Problem requirements: Take the lines in the listing below from the line with "bbk_zinnober_2014_flyer S2-001" up to and including the line with "Эксперимент по угадыванию" and set them down exactly, skipping pictures and adding nothing.

Data shown:
>>>>

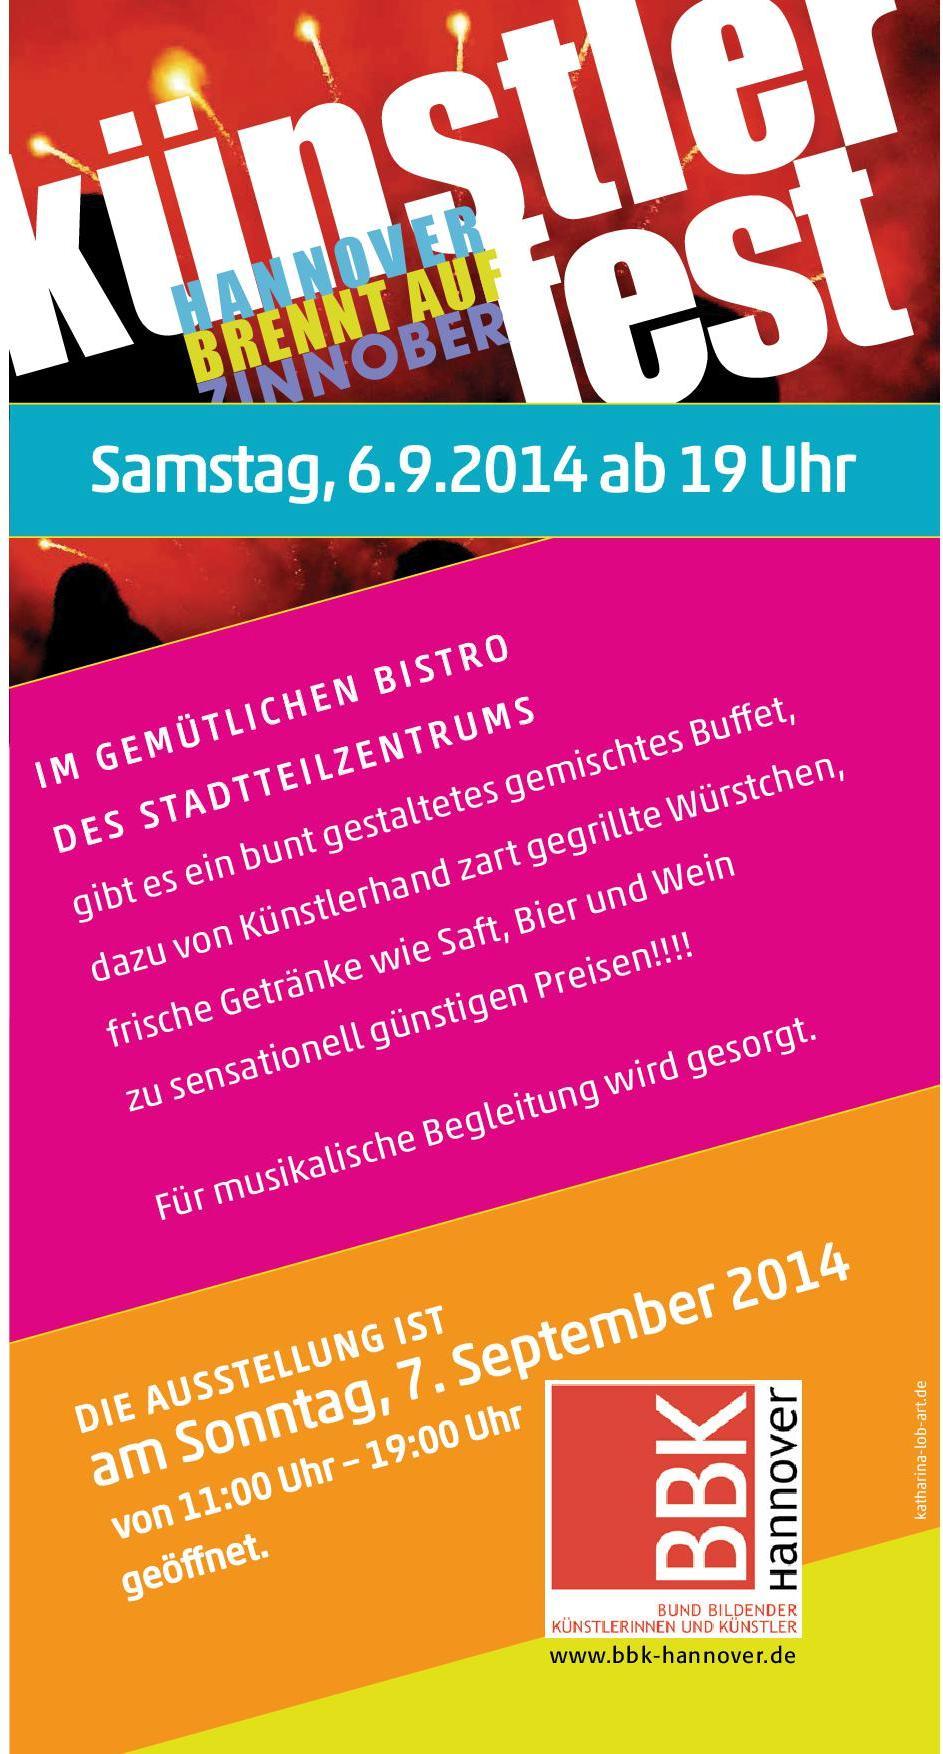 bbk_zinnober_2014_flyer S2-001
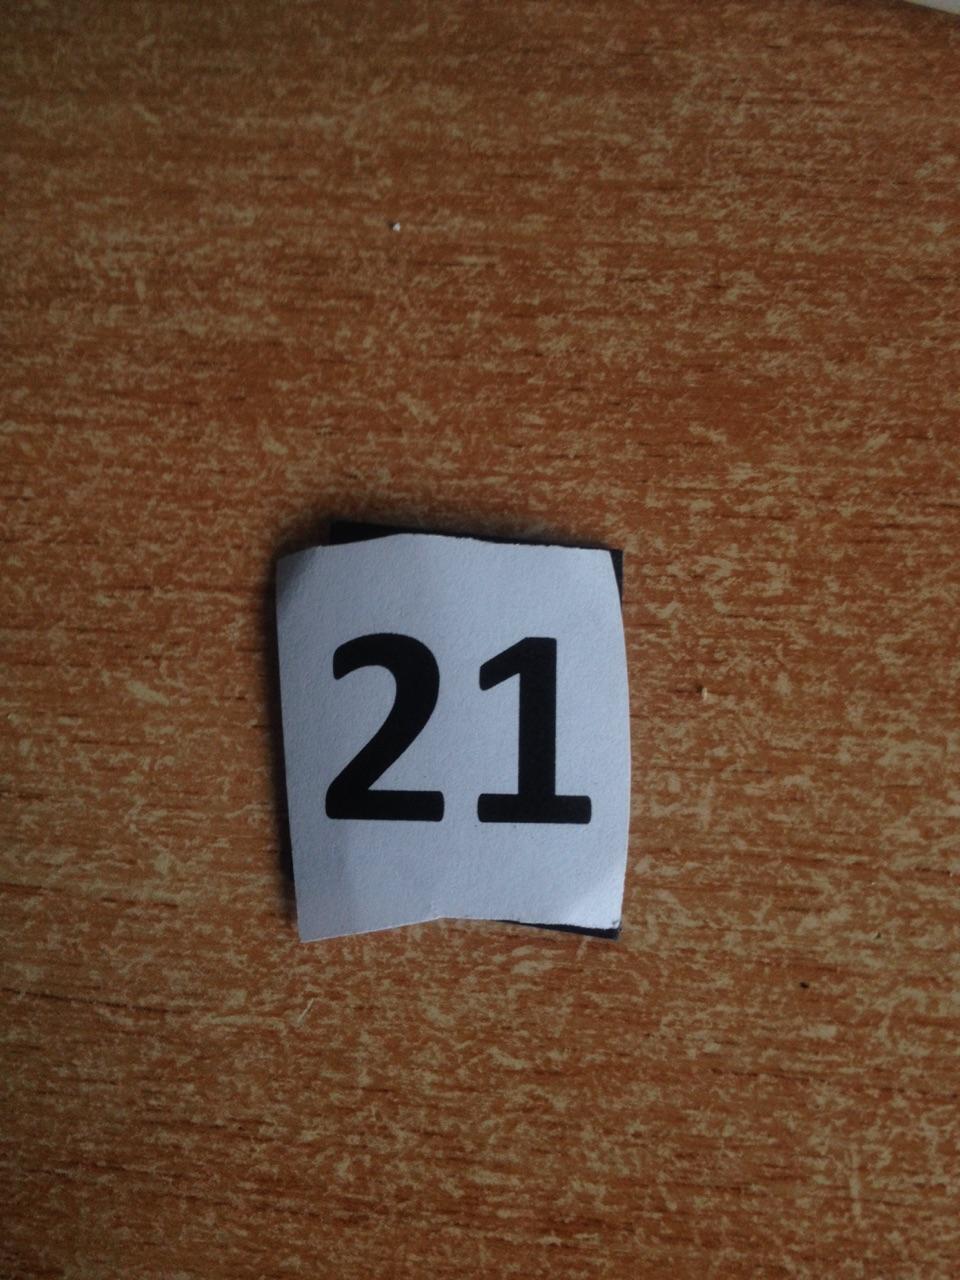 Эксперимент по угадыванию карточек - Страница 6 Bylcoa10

<<<<
>>>>

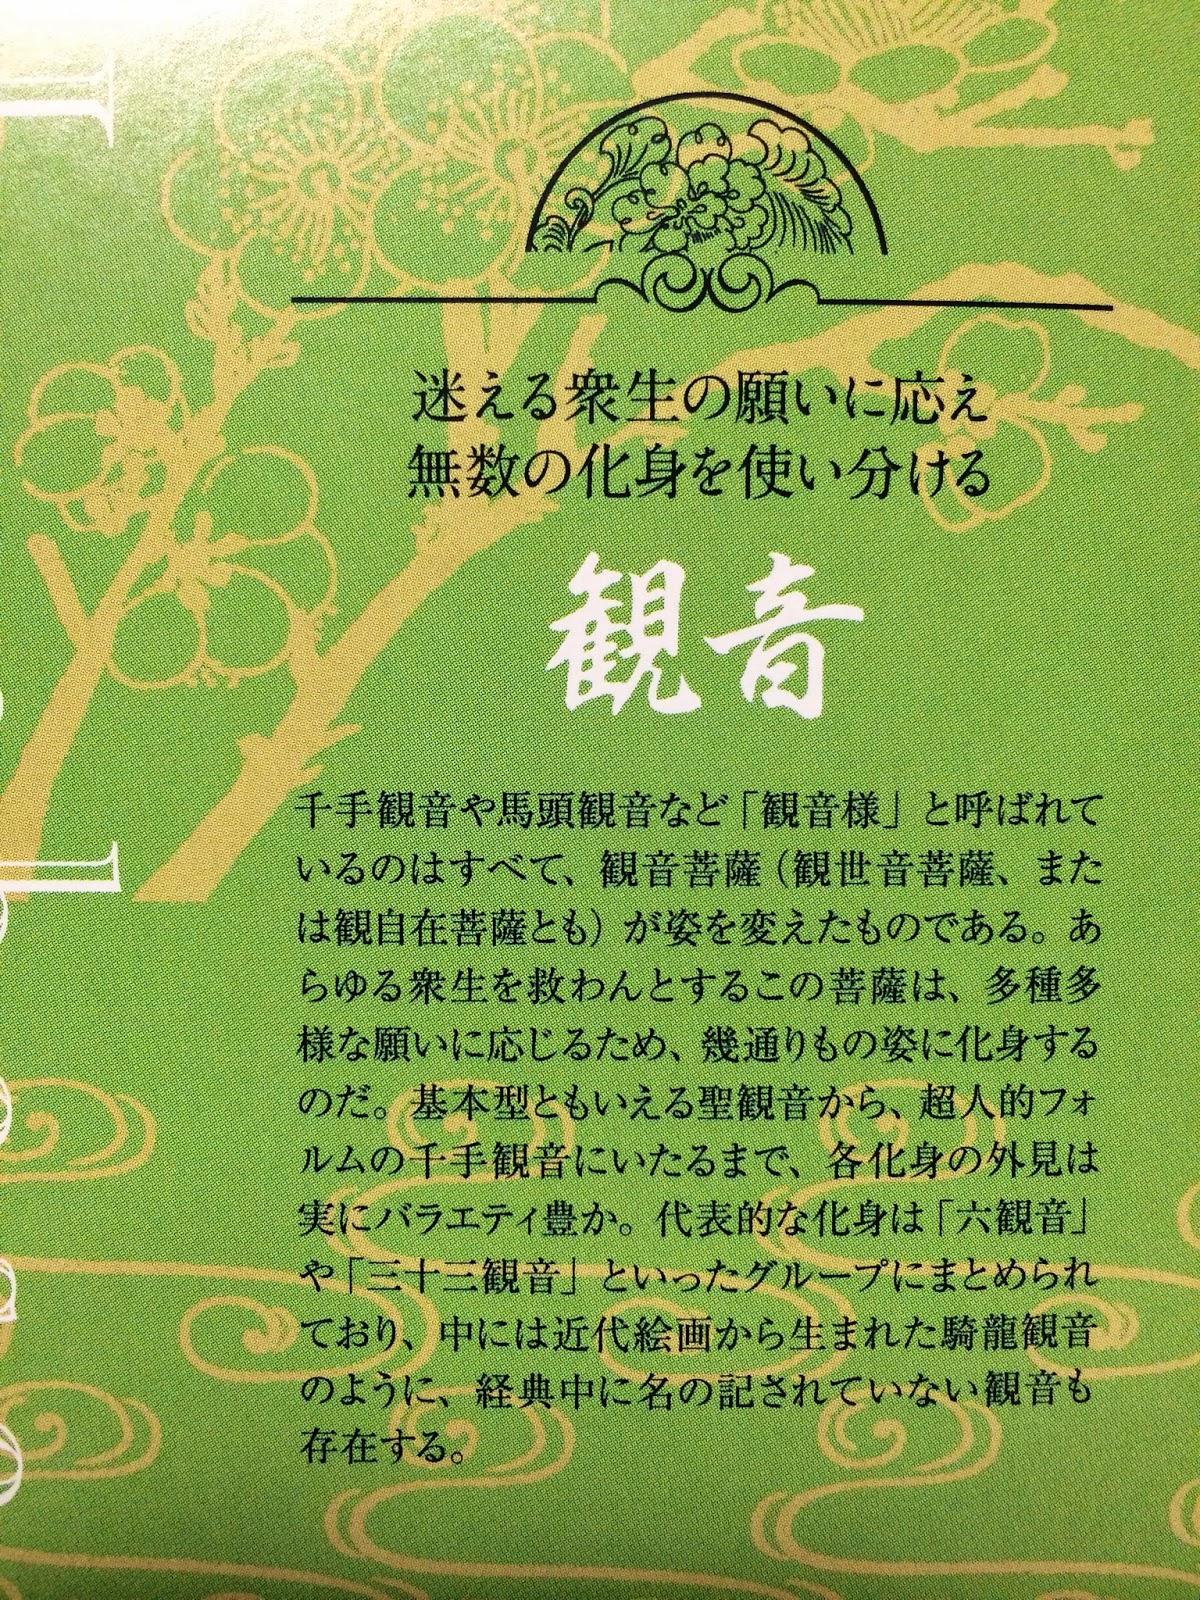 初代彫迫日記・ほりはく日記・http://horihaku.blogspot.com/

<<<<

Response box:
 bbk_zinnober_2014_flyer S2-001
 Эксперимент по угадыванию карточек - Страница 6 Bylcoa10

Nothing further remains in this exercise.